In a non-aqueous electrolyte solution containing an electrolyte and a non-aqueous solvent that dissolves the electrolyte, the non-aqueous electrolyte solution contains 0.001% by volume or more and less than 2% by volume of the compound represented by the following general formula (1) A non-aqueous electrolyte characterized by containing.

(In General Formula (1), R ¹ and R ² each independently have an ether bond in the structure, and may be substituted with a fluorine atom. R ³ represents an alkyl group having 1 to 12 carbon atoms which may be substituted with a fluorine atom.) In a non-aqueous electrolyte solution containing an electrolyte and a non-aqueous solvent that dissolves the electrolyte, the non-aqueous electrolyte solution contains 0.001% by volume or more and less than 10% by volume of the compound represented by the following general formula (1) in the non-aqueous solvent. A non-aqueous electrolytic solution containing a cyclic carbonate having an unsaturated bond in the electrolytic solution.
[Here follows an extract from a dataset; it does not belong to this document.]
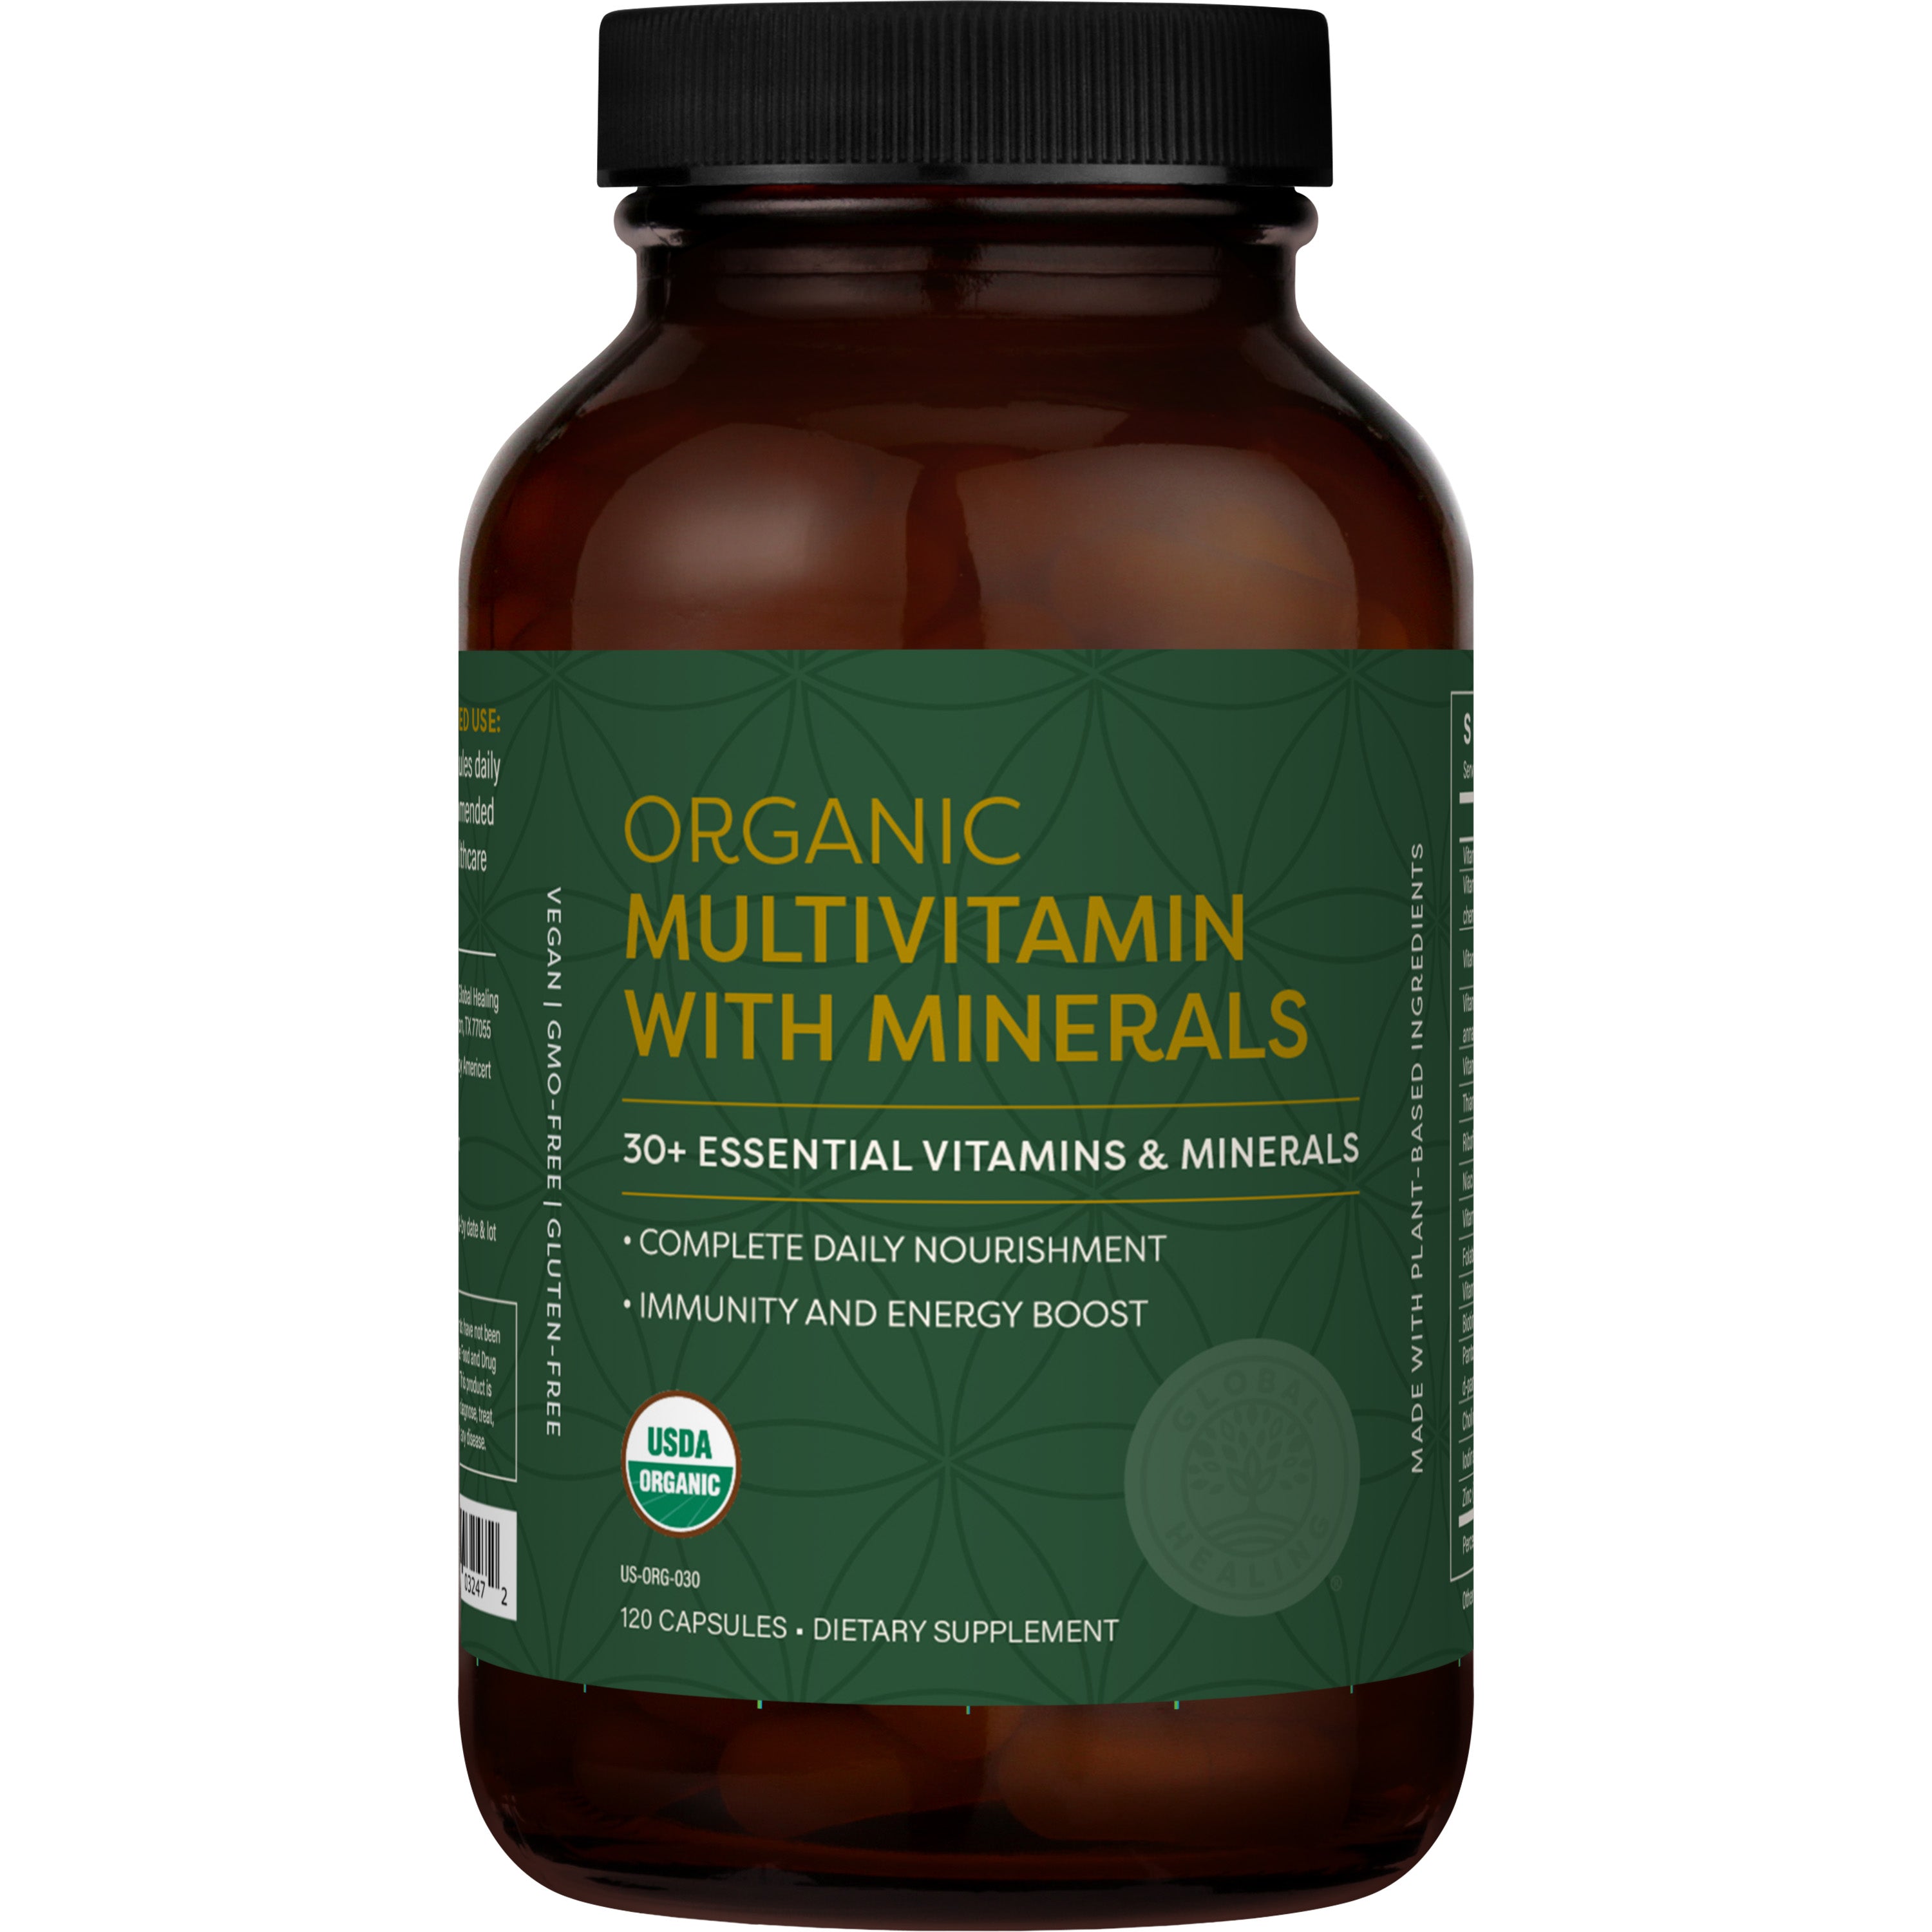 Global Healing Organic Mulitvitamin with minerals Bottle 120 capsules
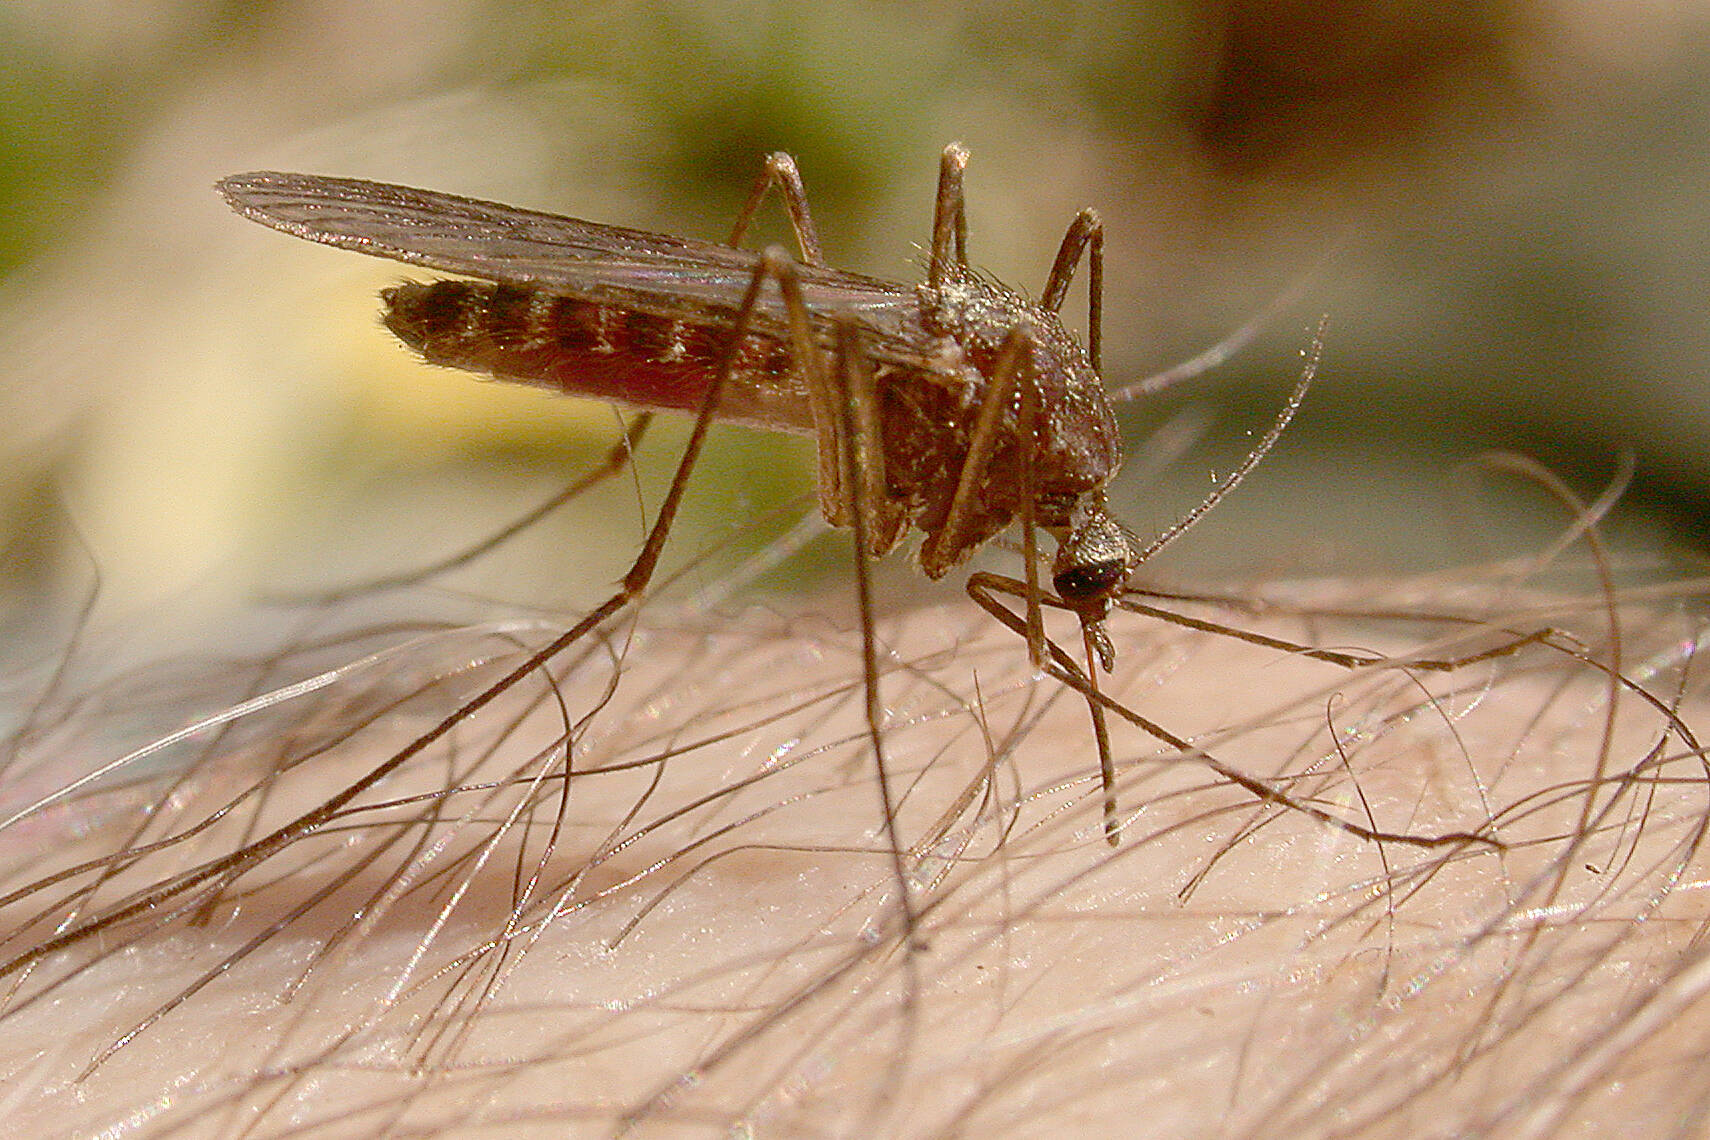 Female mosquitoes have complex mouthparts, with toothy maxillae that saw a hole in the host, an injection tube for saliva, and another tube for sucking up blood. (Courtesy Photo / Bob Armstrong)

(In the general formula (1), R ¹ , R ² and R ³ are as defined above.)   A non-aqueous electrolyte battery comprising a negative electrode and a positive electrode capable of inserting and extracting lithium ions, and a non-aqueous electrolyte solution, wherein the non-aqueous electrolyte solution is the non-aqueous electrolyte solution according to claim 1 or 2. A non-aqueous electrolyte battery.